_Dataset extract_.

•••

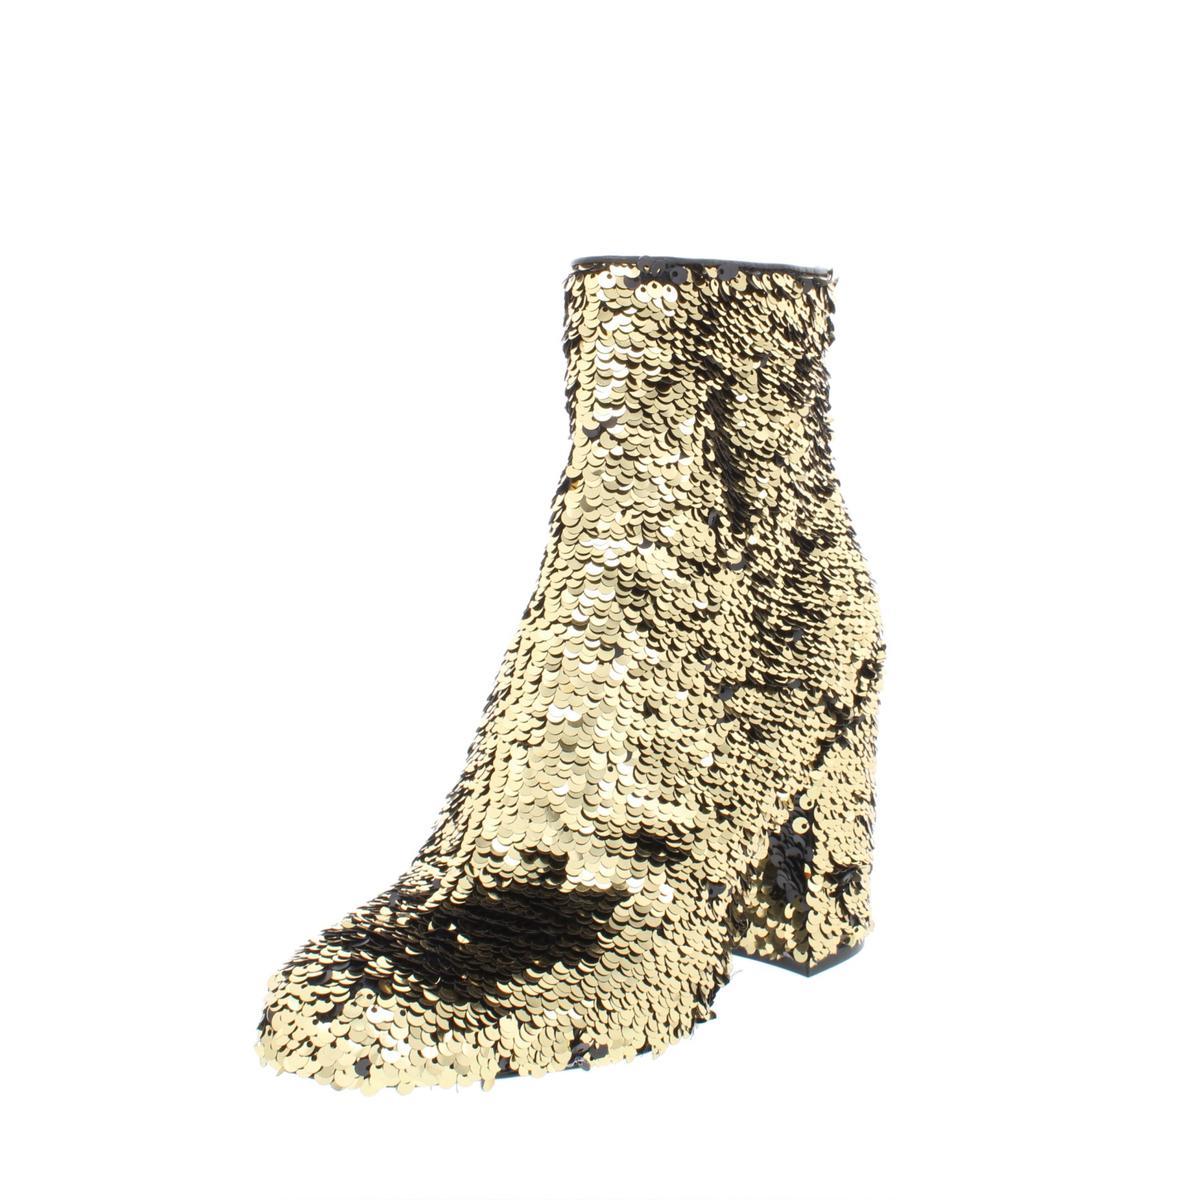 9620f2efa72 Details about Steve Madden Womens Georgia Gold Sequin Booties Heels 5.5  Medium (B
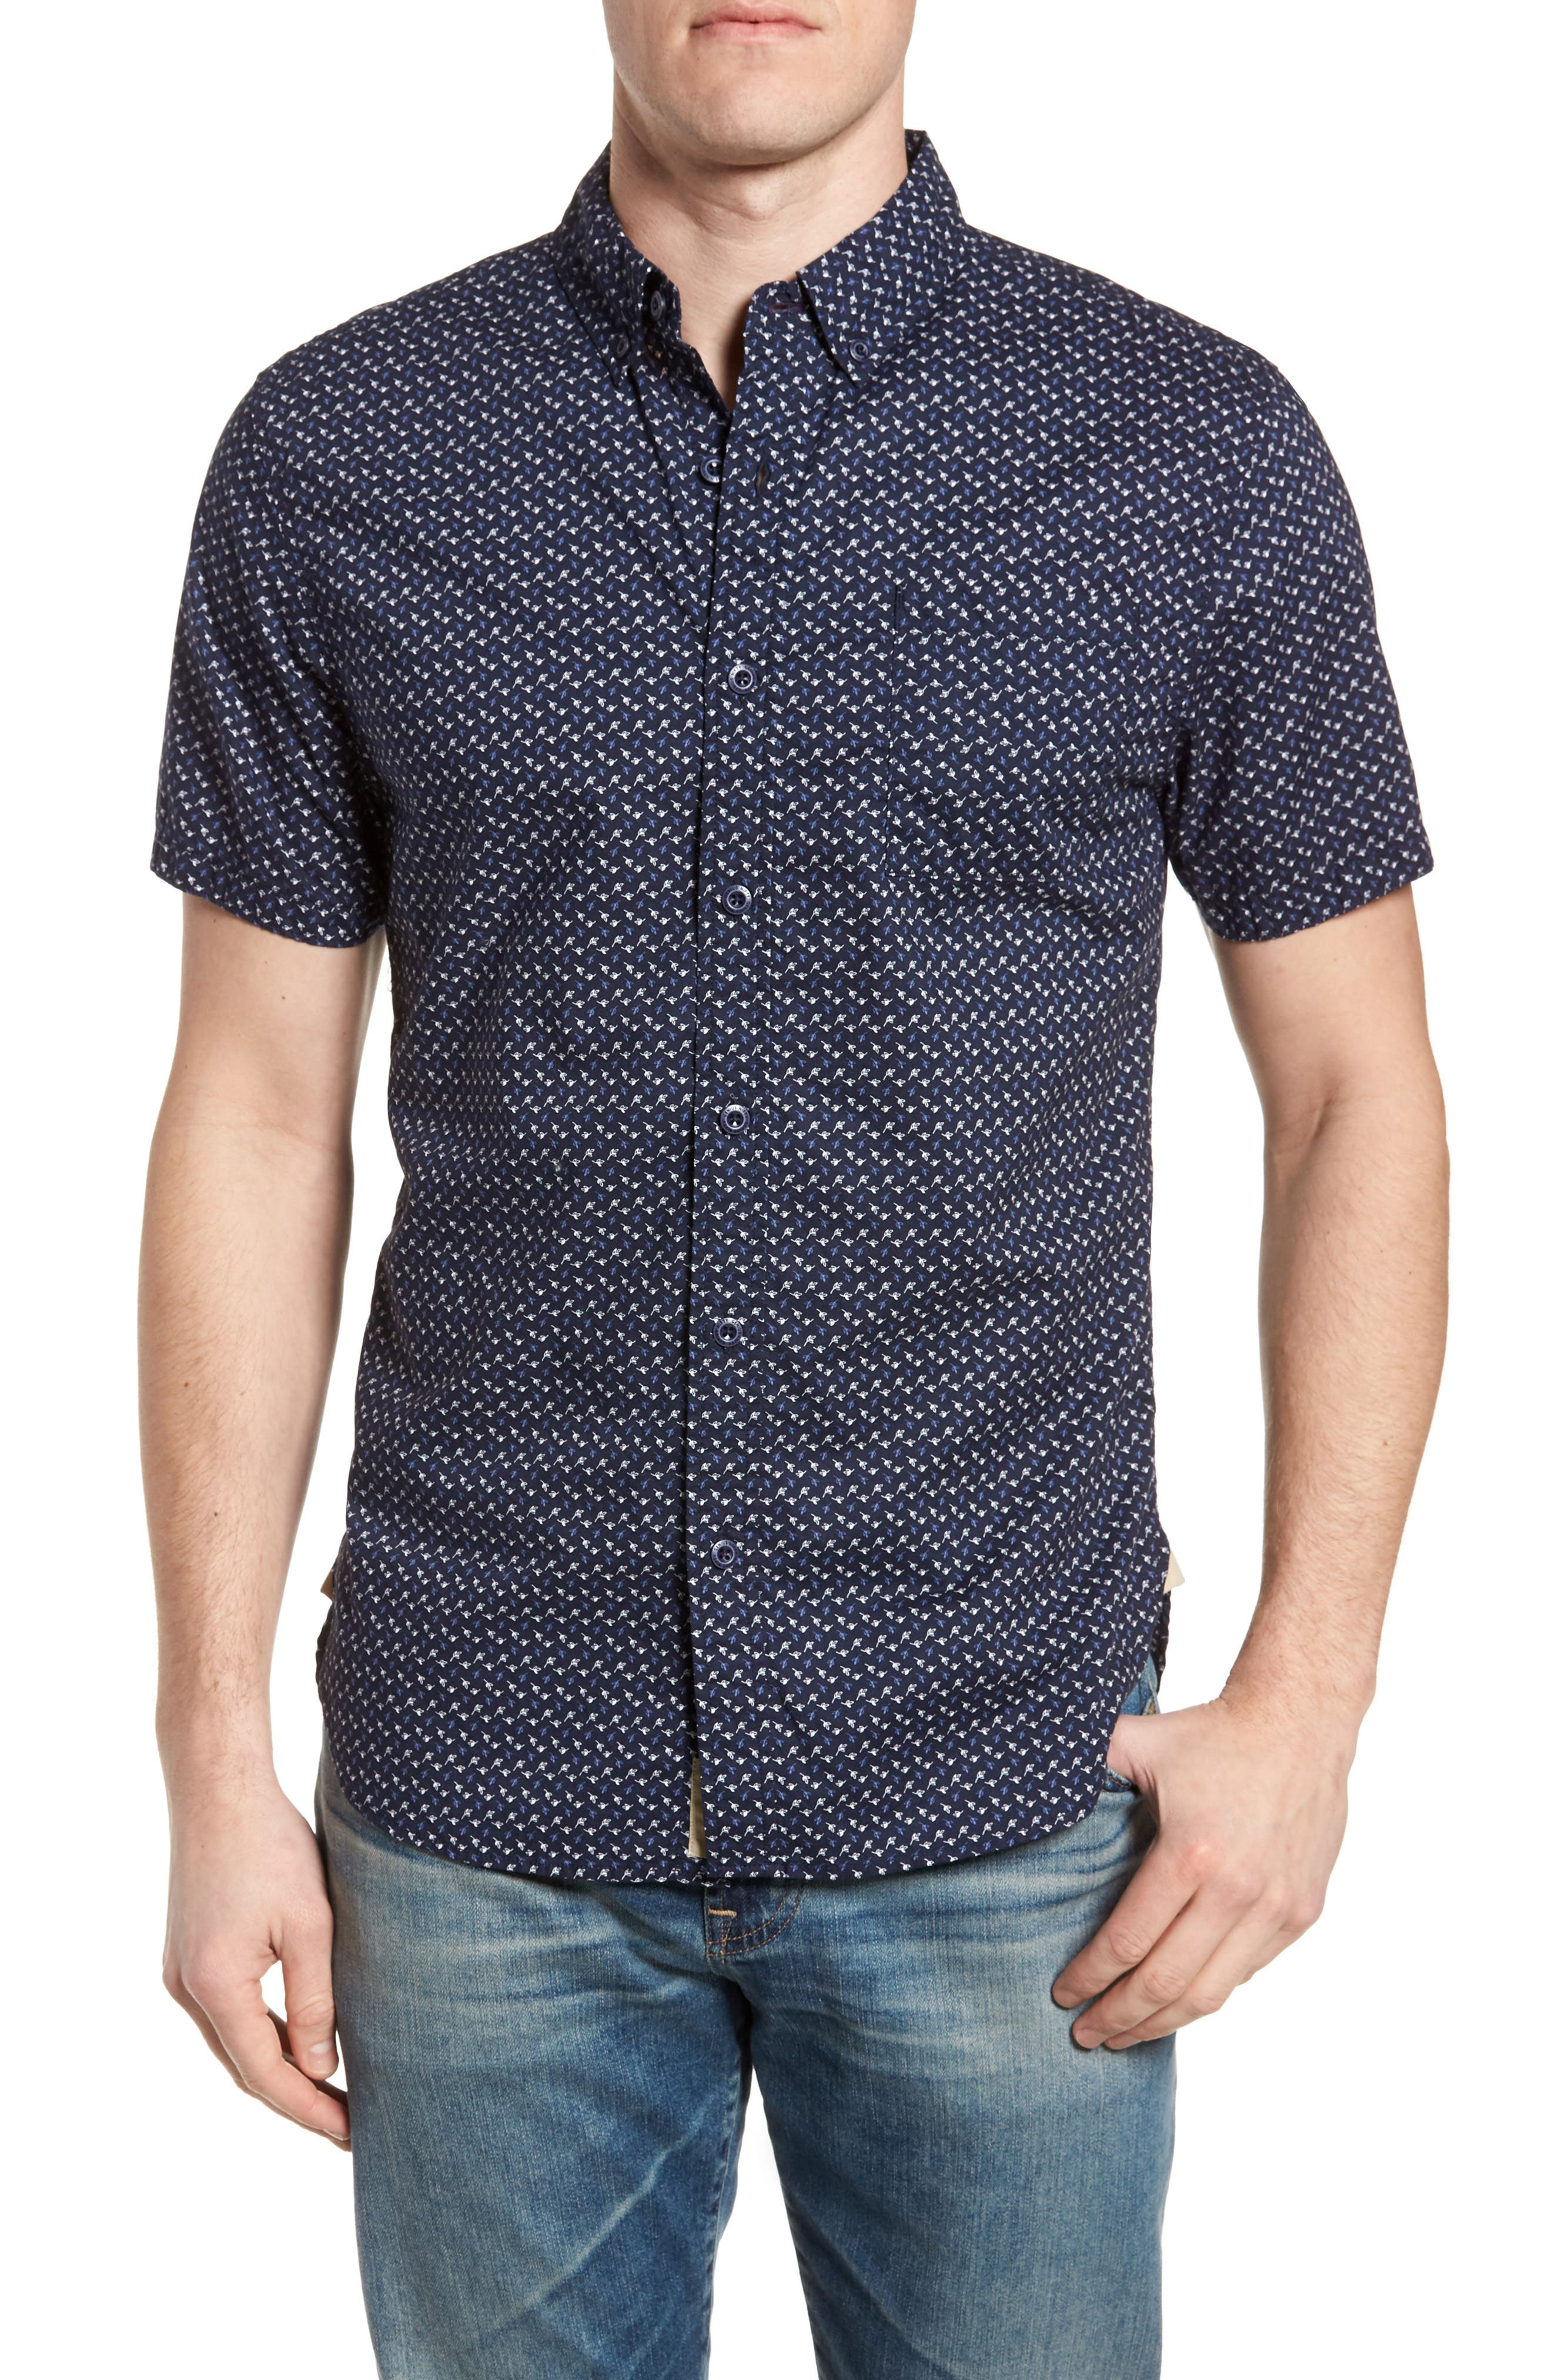 Truman Slim Fit Short Sleeve Sport Shirt,                             Main thumbnail 1, color,                             NAVY
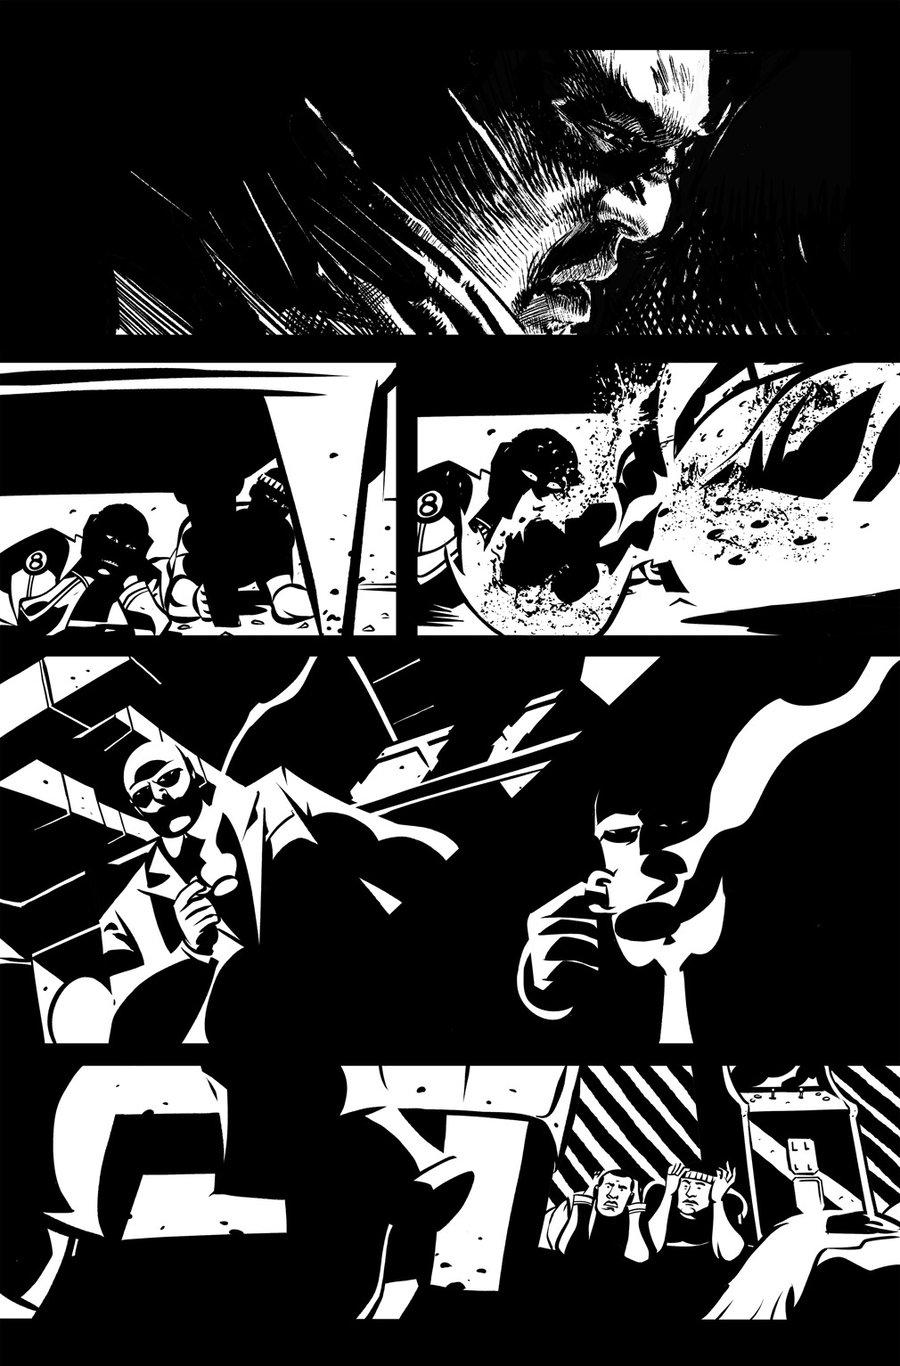 Image of DEFENDERS #8, p.07 ARTIST'S PROOF
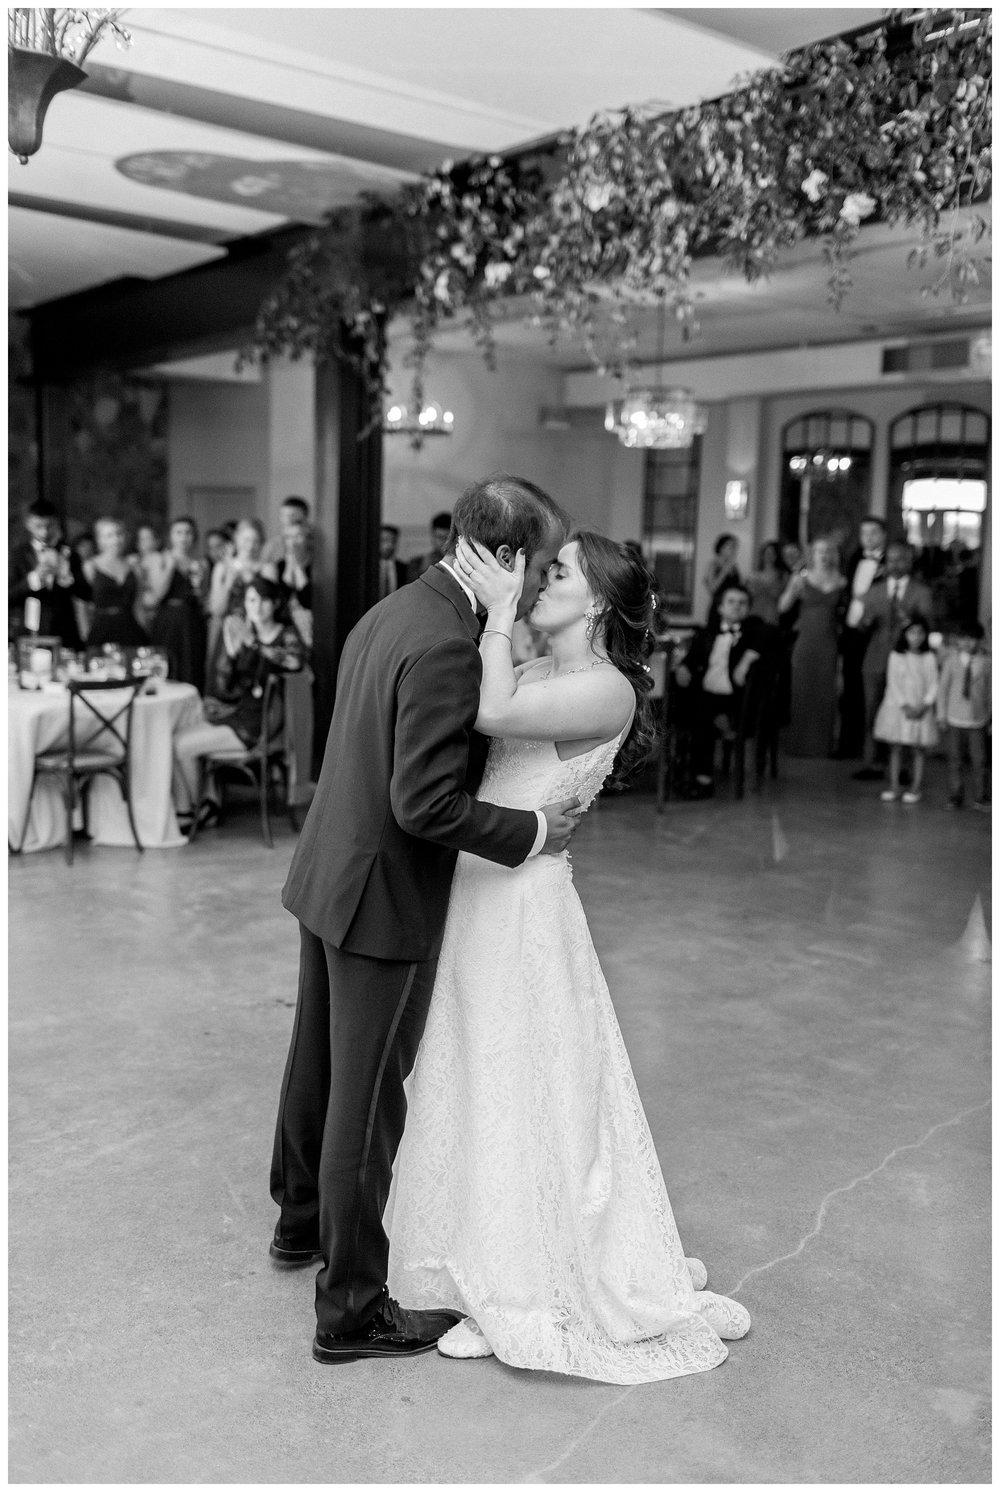 Stone Tower Winery Wedding | Virginia Winter Wedding | VA Wedding Photographer Kir Tuben_0098.jpg

•••

_Exercise objective_. Skip the images and set down the rest of the data unchanged.

_Final answer_.
 9620f2efa72 Details about Steve Madden Womens Georgia Gold Sequin Booties Heels 5.5  Medium (B
 Truman Slim Fit Short Sleeve Sport Shirt,                             Main thumbnail 1, color,                             NAVY
 Image of DEFENDERS #8, p.07 ARTIST'S PROOF
 Stone Tower Winery Wedding | Virginia Winter Wedding | VA Wedding Photographer Kir Tuben_0098.jpg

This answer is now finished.